* What is being asked *
Find "Askona - Портфолио Depot" below and begin at its line; stop after the line with "Meet Tuskegee Airman". Output those lines exactly, without pictures.

* Data to examine *

☆ ☆ ☆ ☆

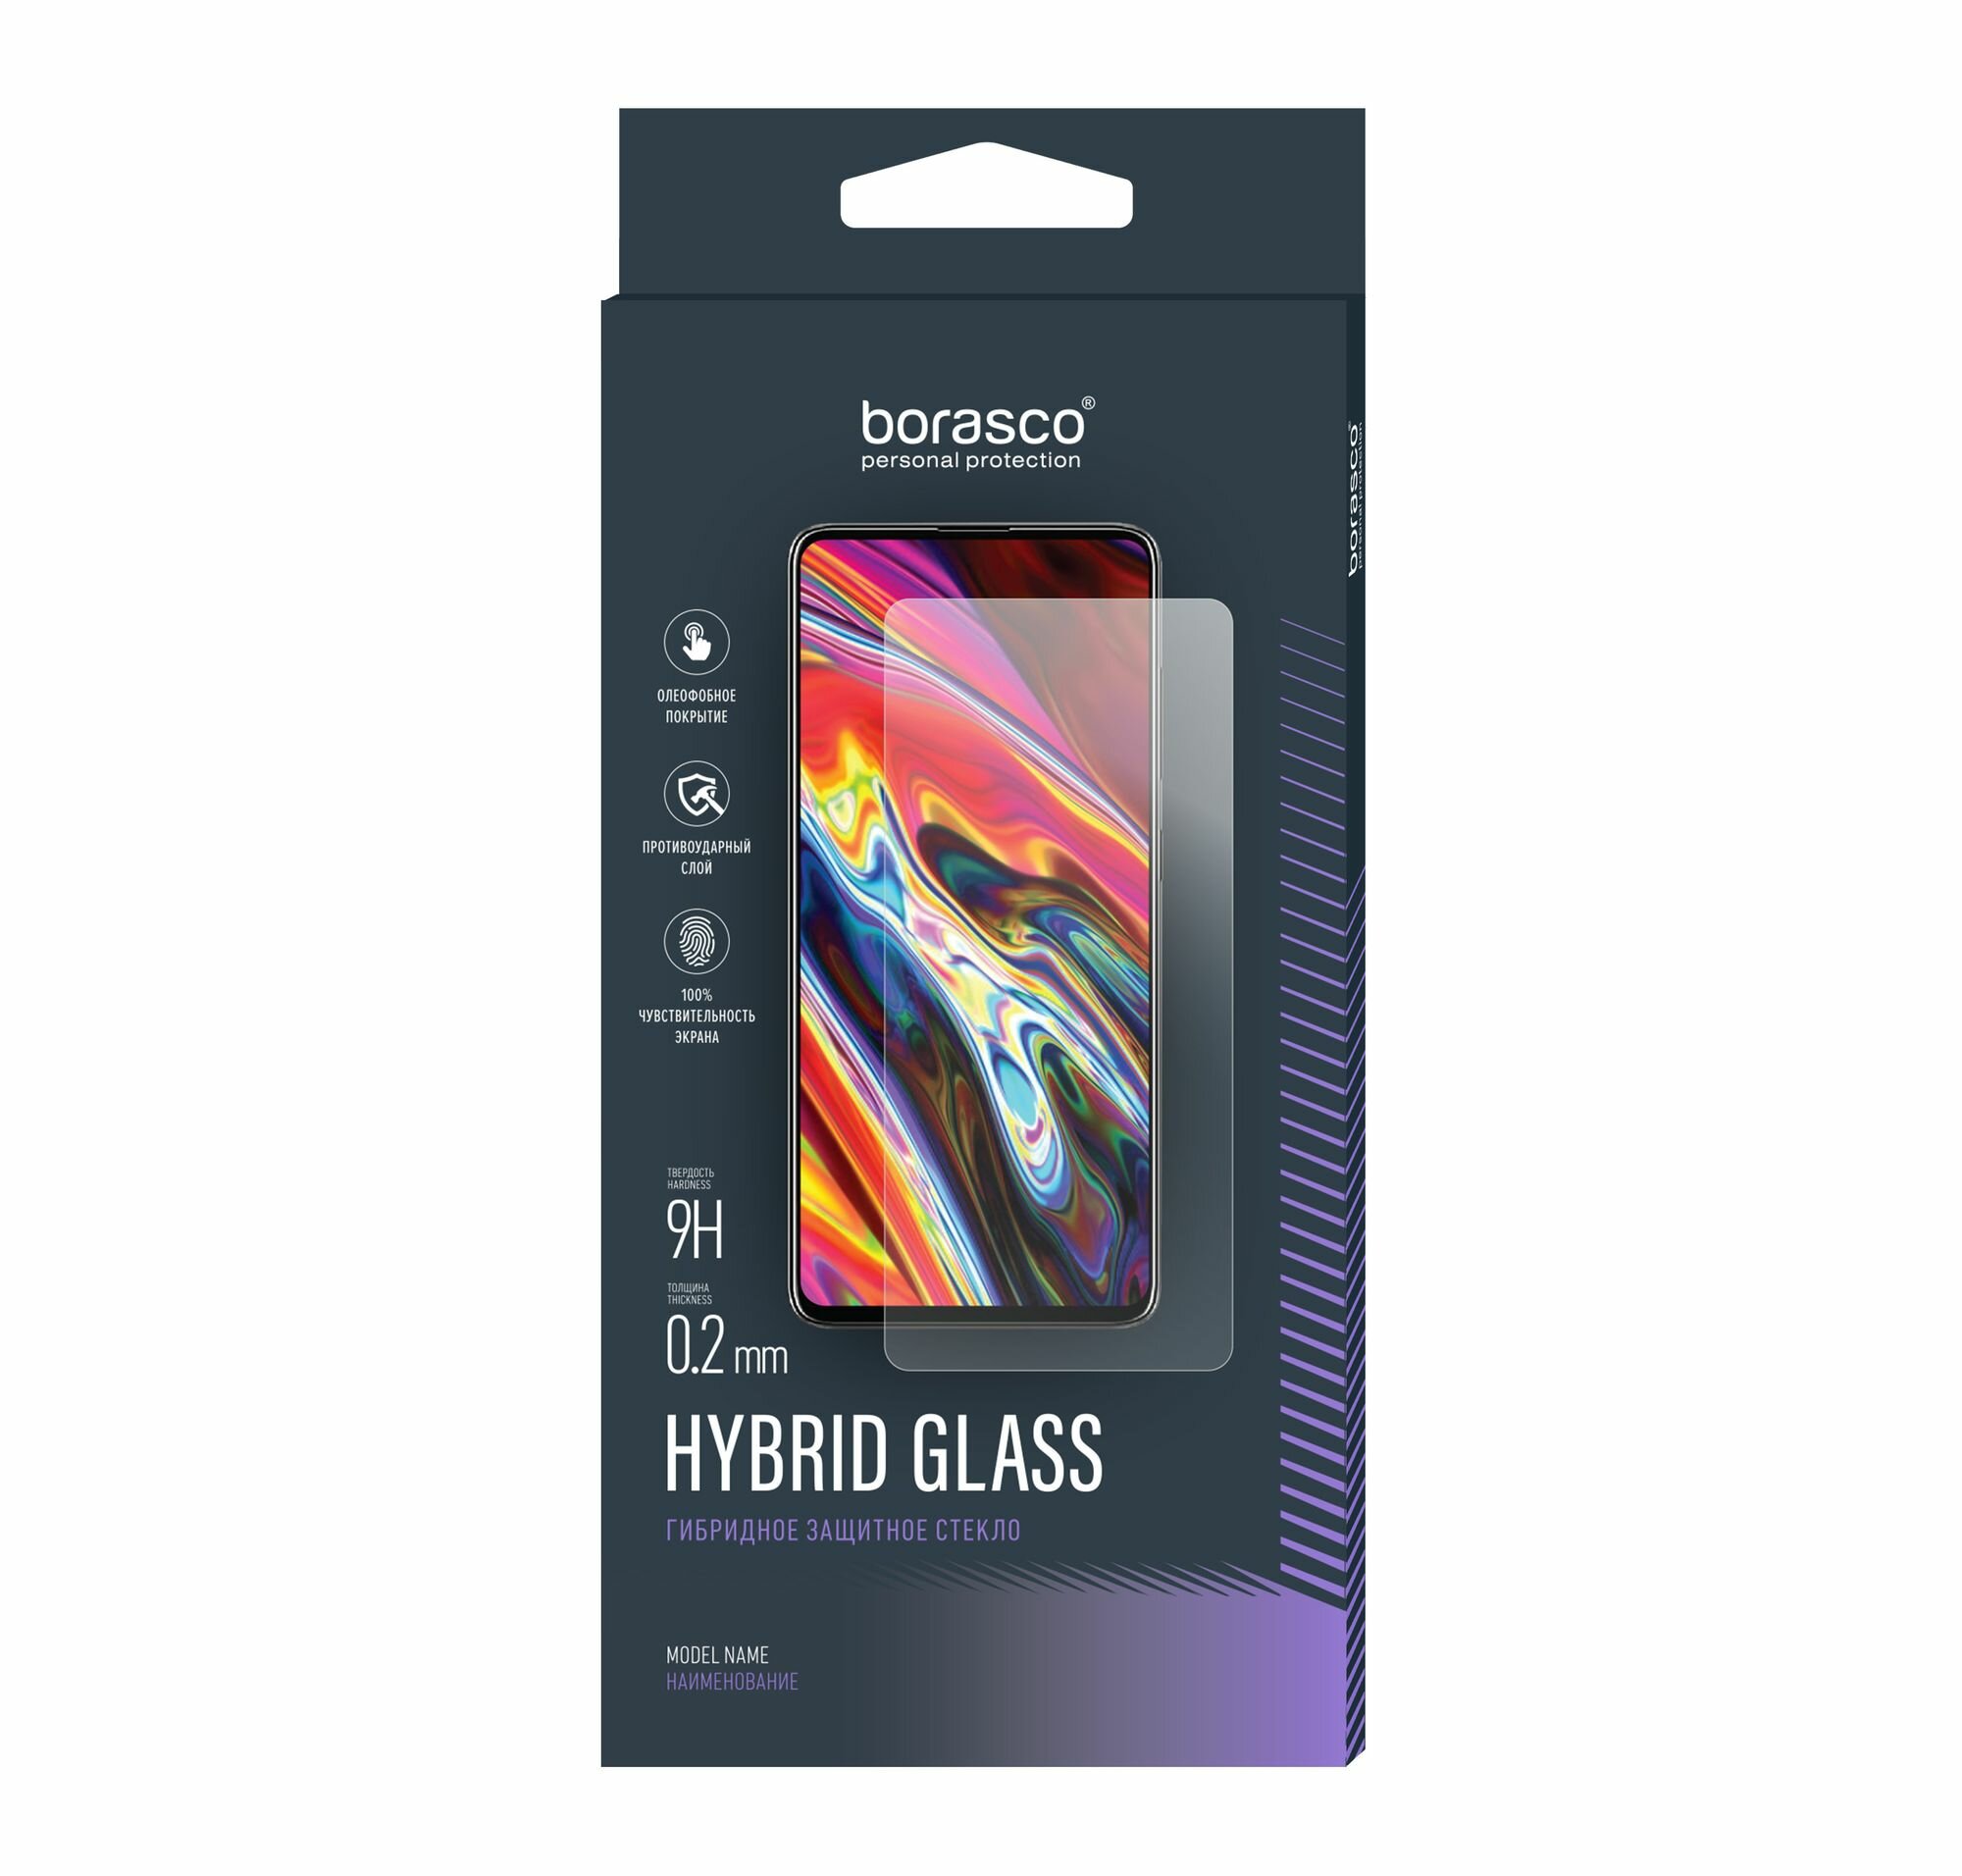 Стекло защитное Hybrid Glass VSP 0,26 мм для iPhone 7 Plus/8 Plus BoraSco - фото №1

☆ ☆ ☆ ☆

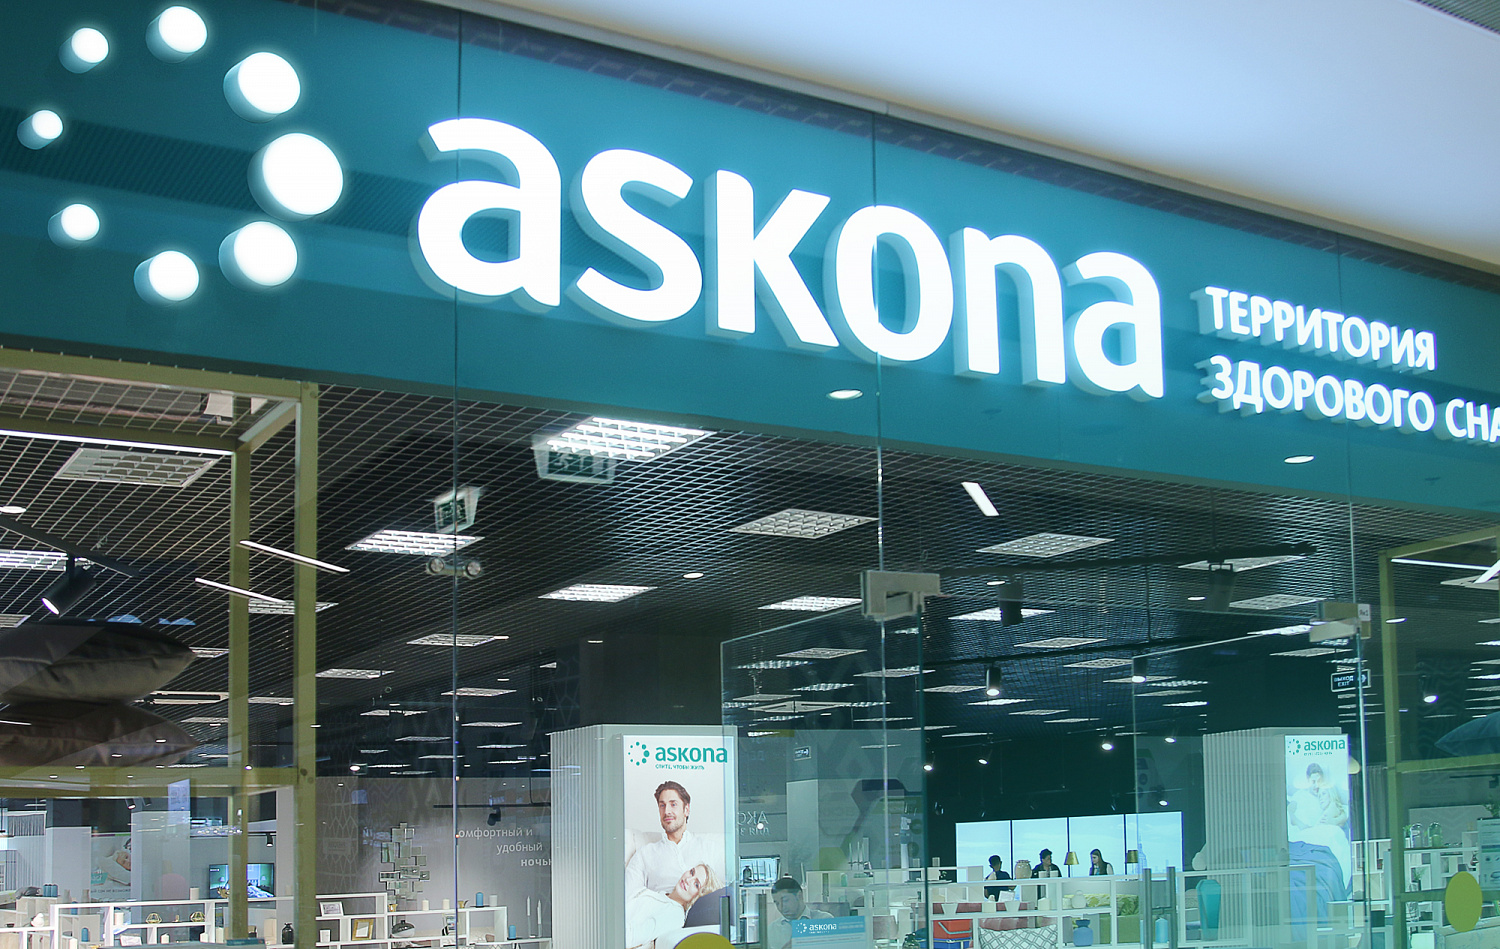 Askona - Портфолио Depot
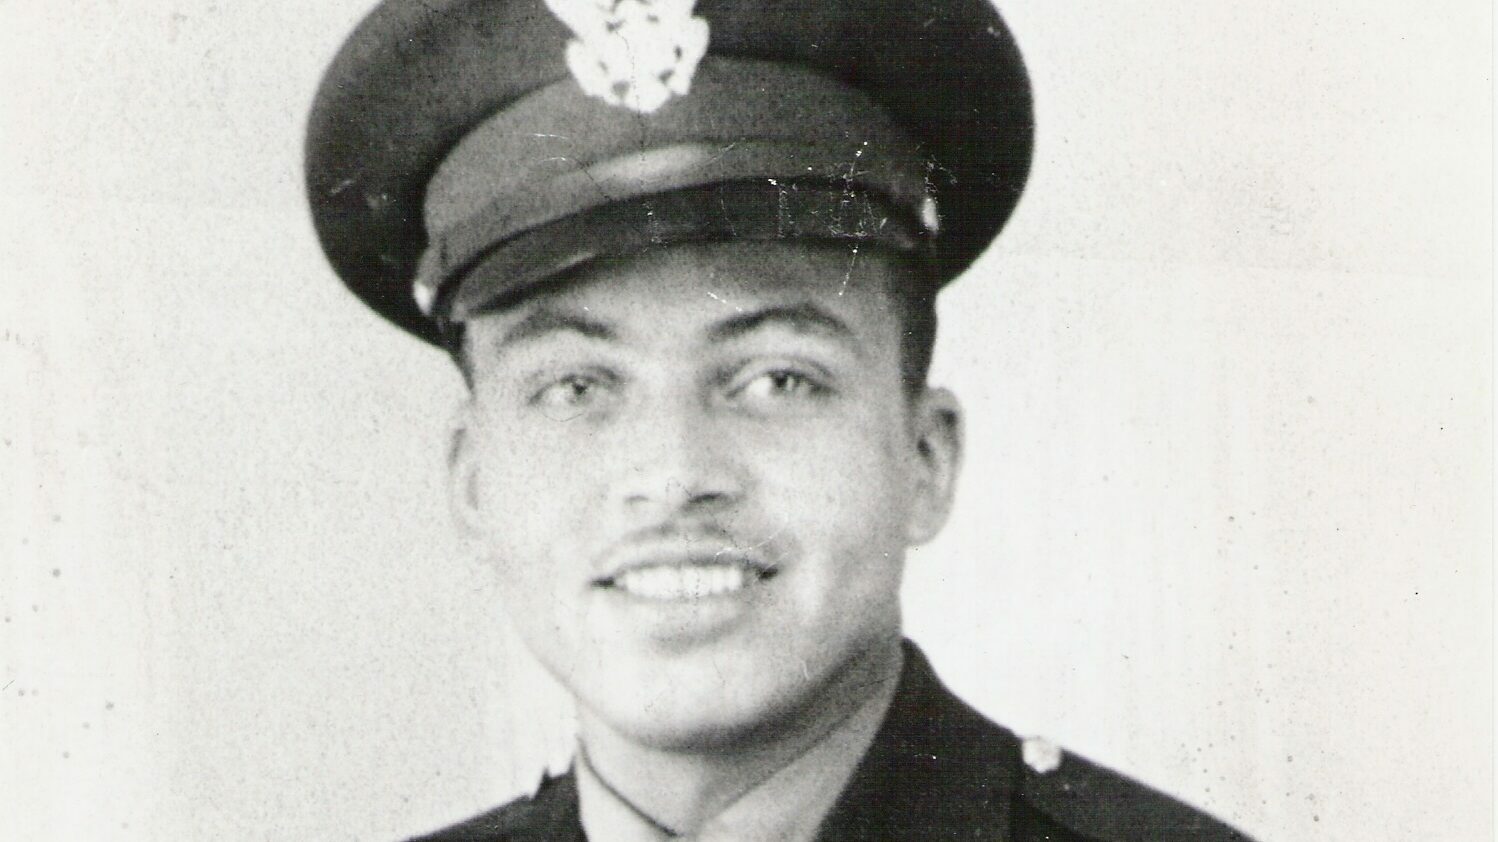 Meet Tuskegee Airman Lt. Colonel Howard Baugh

☆ ☆ ☆ ☆

* Answer *
 Askona - Портфолио Depot
 Meet Tuskegee Airman Lt. Colonel Howard Baugh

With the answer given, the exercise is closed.